Life was a routine; launderette on Mondays, library on Tuesdays, hairdresser on Fridays, visits from my father, little brother and myself on Sunday mornings. For we children, the payback for the fun of a ride on a bus and then the Underground was to sit in the corner on a sofa for 2 hours with a glass of lemonade (“only one glass, there’s no toilets on buses and the Tube!”) and a couple of biscuits, not speaking until spoken to, because to interrupt an adult would be bad manners. My brother moaned and groaned and wriggled; I soon realised that by sitting and listening, much could be learned about my family, and enjoyed the stories and reminiscences they shared, whilst trying not to react to them – because eavesdropping was worse than interrupting an adult!
One Sunday morning in July 1969, aged 8, a ‘treat’ had been purchased for me from that week’s pension pennies and was placed on my allotted seat awaiting my arrival – a child’s magazine called ‘The Princes of Wales’. It was a commemorative edition of a weekly general knowledge magazine for children, sold on the back of the impending Investiture of Prince Charles to that rank. Every schoolchild in the country had been given permission to watch this Investiture on their school’s television (one television per school in those days, and black and white, no colour!) so we had been preparing for the event which we understood vaguely was a significant step towards Prince Charles becoming King. The magazine, sitting on the sofa, seemed to be a history of all the previous Princes of Wales – one story per page, illustrated with a fairly dramatic picture of a key event. Flipping through the booklet, my eyes were drawn to a chart on the inside front cover, depicting “The Family Tree of the House of Windsor.” On a background of mock parchment, written in italics, was what appeared to be a chart showing how Prince Charles and his siblings could trace their family all the way back to William the Conqueror in 1066. Every schoolchild knew about William the Conqueror, how he had sailed across the English Channel, shot King Harold in the eye at Hastings and rampaged across our country killing locals as he went, before claiming the land as his own and building castles all over the place. (The teaching of history has changed a lot since those days!)
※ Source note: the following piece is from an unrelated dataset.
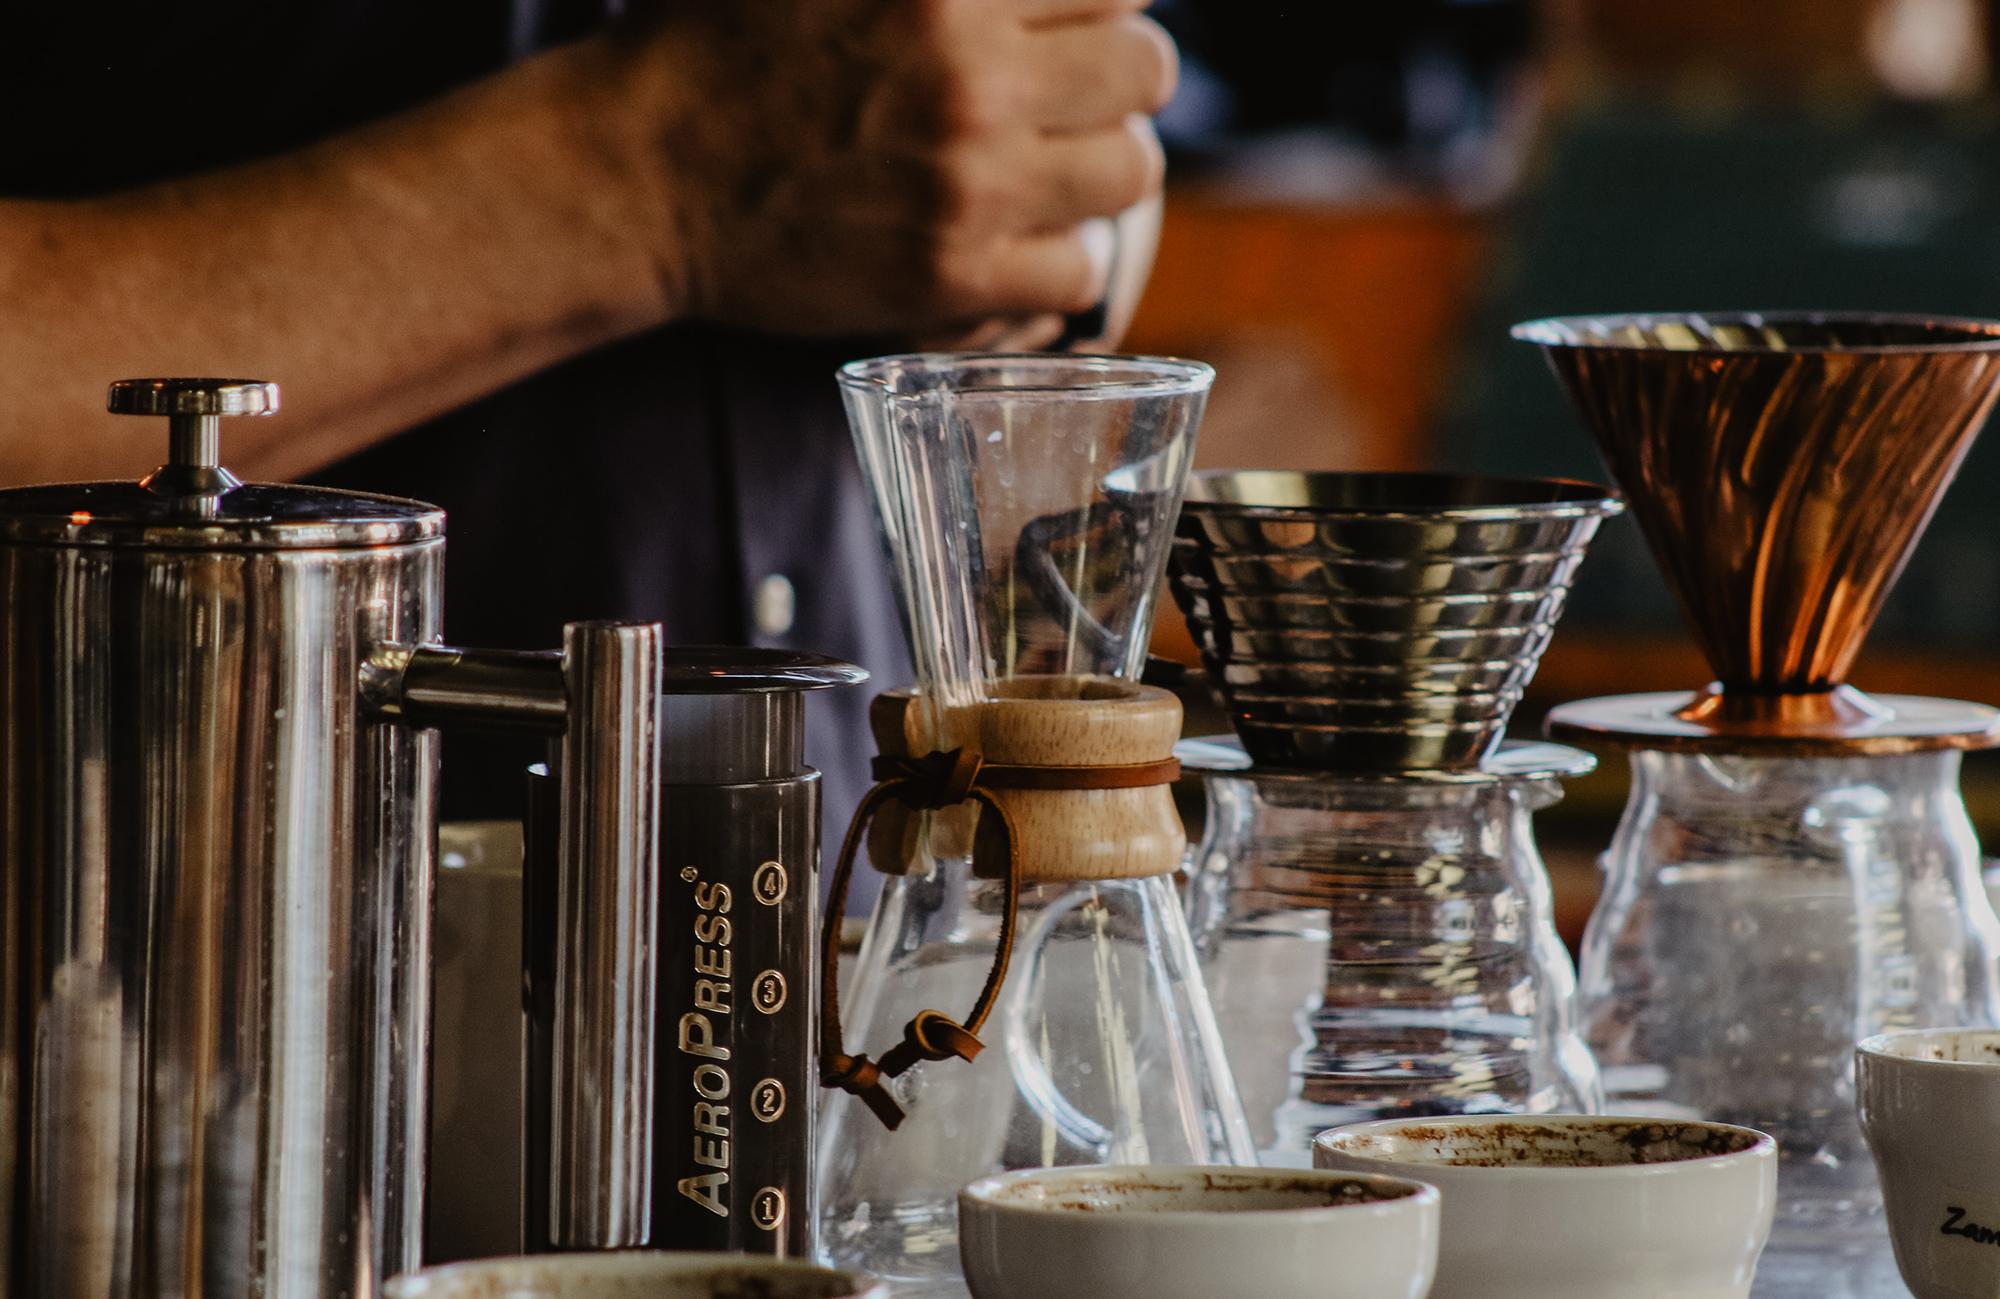 Filter Coffee brewing tools including V60, Chemex & Aeropress

Looking at this “family tree,” a thought struck me. If Prince Charles had a family tree, then our family must have one too. Where was it? Maybe I could take it into school to show to my teacher and classmates. Nan had a collection of old newspapers she had saved over the years, each depicting a significant event in history : “The King Is Dead,” “Abdication,” “War Declared,” “D-Day,” “Everest Conquered,” “Man Walks On the Moon.” She also possessed the only photo album known to exist in the family, a viewing of which was a reward for good behaviour. I realise now it was the work of a woman who had sent her sweetheart to war once, and then her husband and all her children some 20 years later. She would work her way through the album, precious photo by photo, telling me stories of the people in the picture. If anyone knew where our family tree was, Nan would.
Waiting for a break in conversation stretched my patience to the limit. Finally it came.
“Dad, look at this,” I said, taking the magazine to the table at which he and Nan were sitting. “Look, it’s Prince Charles’ family tree. His family goes back to 1066!”
Dad looked disappointingly unimpressed by this. “Well, so does yours,” was his phlegmatic reply. Hardly the excitement I was looking for.
“So, where’s our one of these, then?” I asked, incoherent with anticipation and excitement.
The three adults in the room laughed. I could almost feel my grandad’s eyes rolling around in his head at my naivety.
“We haven’t got ‘one of these,’” explained Dad. “Only rich people have these. Nan’s mum and dad could hardly read or write, let alone write these things down. Unless Nan and Grandad can remember them, we don’t know what our family’s names or their dates of birth were. We don’t know where they came from, any information has been lost. Doubtless their names are recorded in church books somewhere but we don’t know where and we will never know. So yes, our family goes back to 1066 too, but because our family was poor we don’t have a family tree like this one. No-one knows who they were, or where or when they lived.”
“I’ll find them.”
The words were scarcely out of my mouth before the room erupted in apparent mass hilarity. “Love a duck, listen to the gel, eh? ‘I’ll find them!’ Oh dear,” cried Nan, holding her sides as if I had said the funniest thing on earth. “Hark at ’er!”
Sometimes I wonder if the phrase “red rag to a bull” was invented specifically for me. I remember that moment as vividly as if it were yesterday. Undaunted, at the next Sunday visit the budding genealogist turned up at the grandparents’ house with a notebook and pencil. Much time that week had been invested decorating the notebook in (an eight year old’s version of) heraldic squiggles, and it was grandly – if a tad hopefully – entitled “My Family Tree.” My first investigative question was: “Nan, have you got a real name, not Nan?” at which point she introduced me to the concept of a maiden surname. The hunt was up and running.
Over forty years on, I’m still going, not so much running now as staggering slightly. Genealogy is no longer a bizarre hobby for oddballs and weirdos, but, rebranded as “family history” and in the light of the success of the BBC’s “Who Do You Think You Are,” a perfectly acceptable pastime. No longer is it necessary to trek to dusty record repositories to lift books the weight of a couple of small children, as technological advances mean much is available online. I’m not back to 1066 – the closest is one line back to 1450 – so in one sense Dad was right, although hopefully there’s still time. He was wrong, however, to say that our kindred dead could never be found. As my grandson sits in the bath and I hang over it, ostensibly bathing him, we re-enact “Grandpa Old Tom Cooper’s lifeboat adventures” with his toy boats, and my heart fills with hope that one day the rising generation will feel a desire to pick up the torch, carry on the work which has been started, and identify more of those dismissed previously as “the Lost.”